I must admit that I have less factual information than you folks seem to have. Based on what I have at the moment, it doesn't seem to me that this will be directly tied to the P or the VP [I could be wrong]. It does seem that it can be tied to a philosophy which will not be good for the Republican party in the 02 elections. I guess we will see.

Best Wishes,,,,,

Z

-- Z1X4Y7 (Z1X4Y7@aol.com), January 10, 2002.


Could this be why they still are keeping Cheney in an undisclosed safe place?

-- SteveOH (thegoofycat@hotmail.com), January 10, 2002.

No, Cheney is hiding in a bunker deep underground because he is afraid that all of the cell phones and satellite transmissions bouncing around up here might knock his pacemaker out of commission and send him on his final vacation.

He wants to make sure he gets at least one more crack at Saddam Hussein before he croaks, so that at least someone might remember him for something besides being a fatass cranky old Ebeneezer Scrooge money-sucking bastard.

I heard that when he does get off his fat ass and come out of hiding for a rare visit to the White House, they take him in a specially designed car which is impenetrable by electronic transmissions, then they make everyone within a mile radius of the White House turn off their cell phones until he goes back into his hole.

-- (dickhead@hole.mole), January 10, 2002.


Thursday January 10 8:51 PM ET

Enron Auditor Says Documents Gone

By MARCY GORDON, AP Business Writer

WASHINGTON (AP) - The firm that audited the books of collapsed Enron Corp., Arthur Andersen LLP, disclosed Thursday that its employees had destroyed a ``significant'' number of documents related to Enron. Andersen said it didn't know whether its directive to preserve documents demanded by government investigators was violated.

Federal law enforcement agencies and congressional investigators are seeking the documents as part of their inquiries into the failure of the giant energy-trading company, which left countless investors burned and employees out of work with billions of dollars of losses in their Enron-heavy retirement accounts.

Rep. Billy Tauzin, R-La., whose House Energy and Commerce Committee is among the agencies and panels investigating, called the destruction of documents ``a deeply troubling development.''

``Anyone who destroyed records simply out of stupidity should be fired. Anyone who destroyed records to try and subvert our investigation should be prosecuted,'' Tauzin said.

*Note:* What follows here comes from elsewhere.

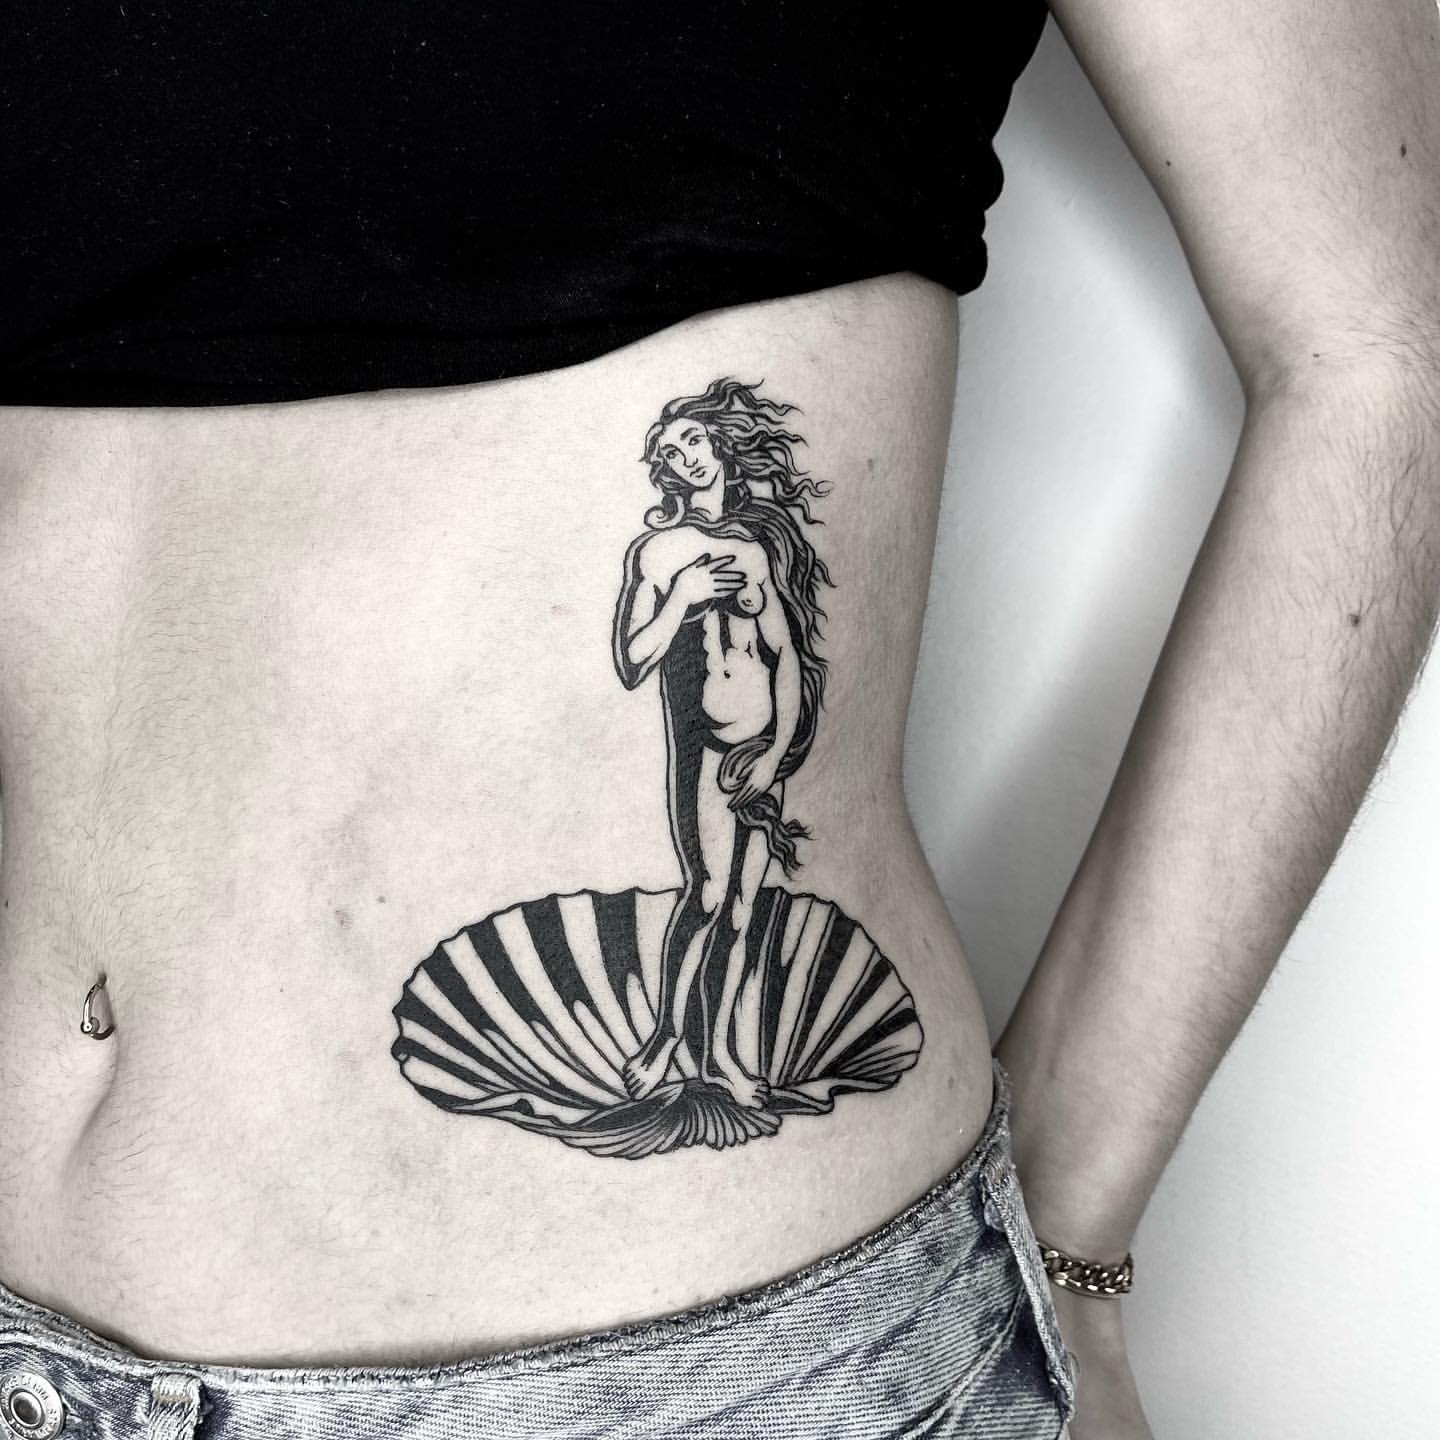 Tattoo uploaded by Yannis Steiakakis • Venus tattoo #tattoo #ancientgreek  #SculptureTattoo #sculpture #lines #ancient #venus #aphrodite #busto  #bustotattoo #minimal #minimaltattoo #minimalistic #art #tattooart #arte  #greece #bishoprotary #stattoo ...
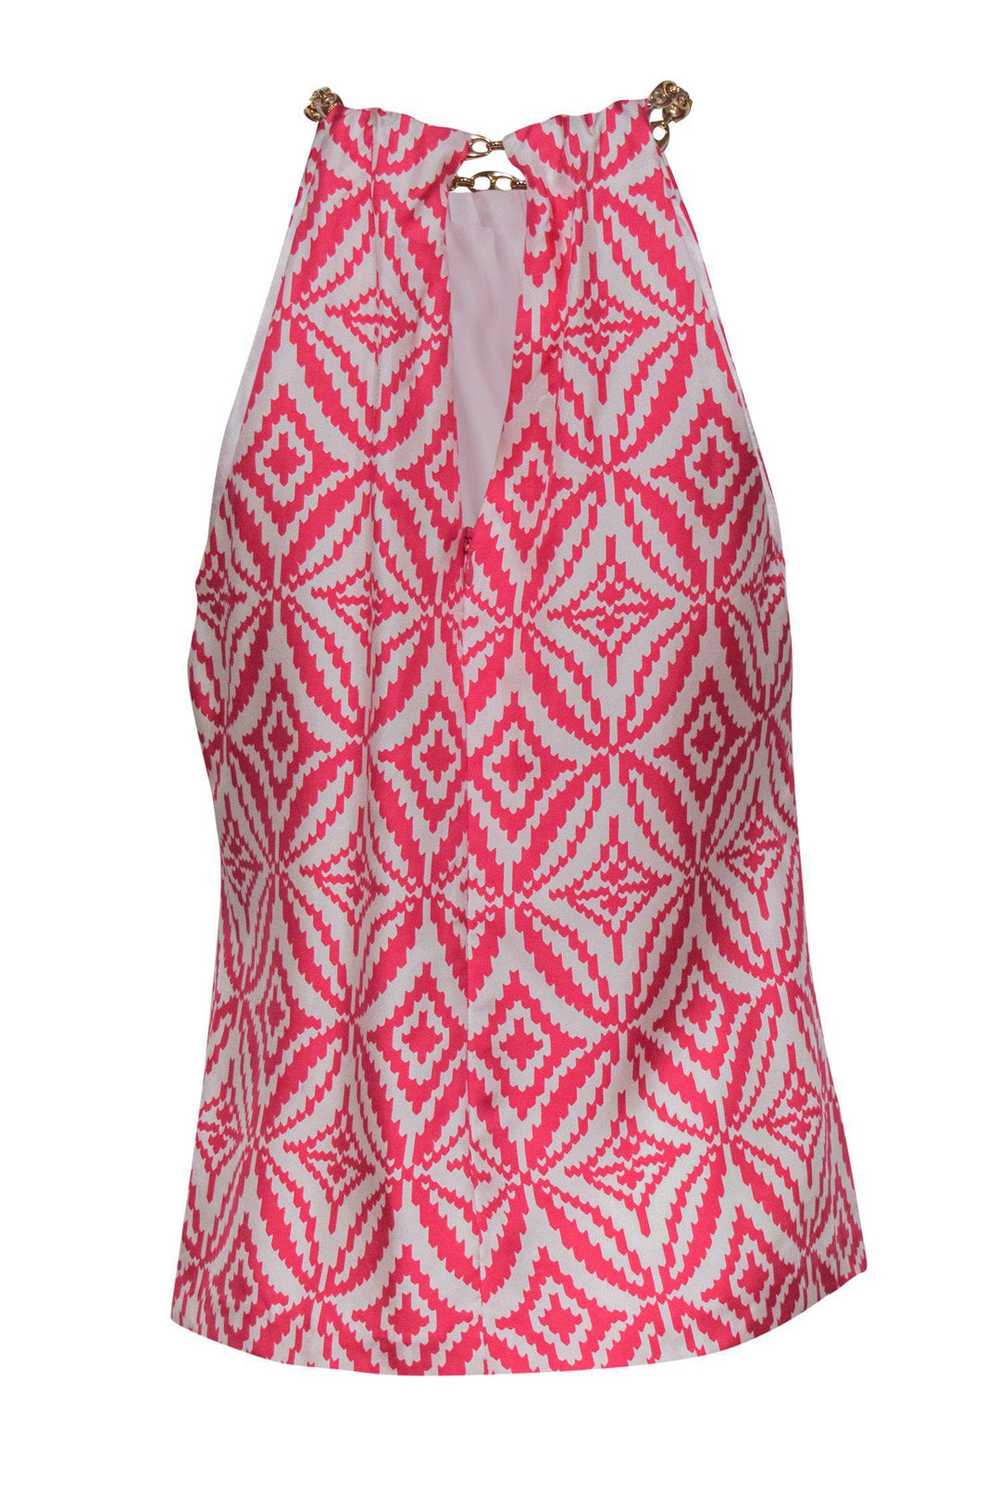 Milly - Pink & White Printed Silk Halter Top w/ C… - image 3

Ken Johnson, a spokesman for Tauzin, said Andersen officials told committee investigators Thursday that thousands of documents had been destroyed.

Houston-based Enron entered last month into the largest corporate bankruptcy in U.S. history.

Andersen's startling revelation added a new twist to the Enron drama and raised fresh questions about the role of the big accounting firm, already under public scrutiny, whose legal obligation is to blow the whistle if it detects fraud at a company it audits.

At the Securities and Exchange Commission (news - web sites), which is investigating Andersen's auditing work for Enron, Enforcement Director Stephen M. Cutler said destruction of documents ``is obviously an extremely serious matter.''

``Documents are an essential ingredient in our investigations,'' he said. ``The destruction of documents by Arthur Andersen will not deter us from pursuit of our investigation and will be included within the scope of our investigation.''

The SEC is scrutinizing questionable partnerships Enron used to keep some $500 million in debt off its books and allow company executives to profit from the arrangements.

Andersen, one of the Big Five accounting firms, said in a statement that in recent months, electronic files and other documents related to its auditing of Enron had been destroyed or deleted.

Later in the day, Andersen released another statement saying documents were discarded in the months before the SEC issued a subpoena to the accounting firm as part of its investigation, which began in October. Andersen said in response to the subpoena, it issued a directive to employees to preserve documents but said that it has not been able to determine whether that instruction was violated.

On the other hand, Chicago-based Andersen said its company policy ``required in certain circumstances the destruction of certain types of documents.''

However, the firm said, millions of documents related to Enron still exist, and it has managed to retrieve some of the deleted electronic files. Andersen said it is continuing retrieval efforts through electronic backup files, ``and is continuing in its efforts to fully learn and understand all the facts related to this issue.''

Andersen has asked John Danforth, the former Missouri attorney general and U.S. senator, ``to conduct an immediate and comprehensive review of Andersen's records management policy and to recommend improvements.''

Danforth, whom President Bush (news - web sites) appointed last fall as special envoy to Sudan, didn't immediately return a telephone call seeking comment.

The surprise announcement by Andersen came in a day punctuated by revelations from members of the Bush administration concerning Enron.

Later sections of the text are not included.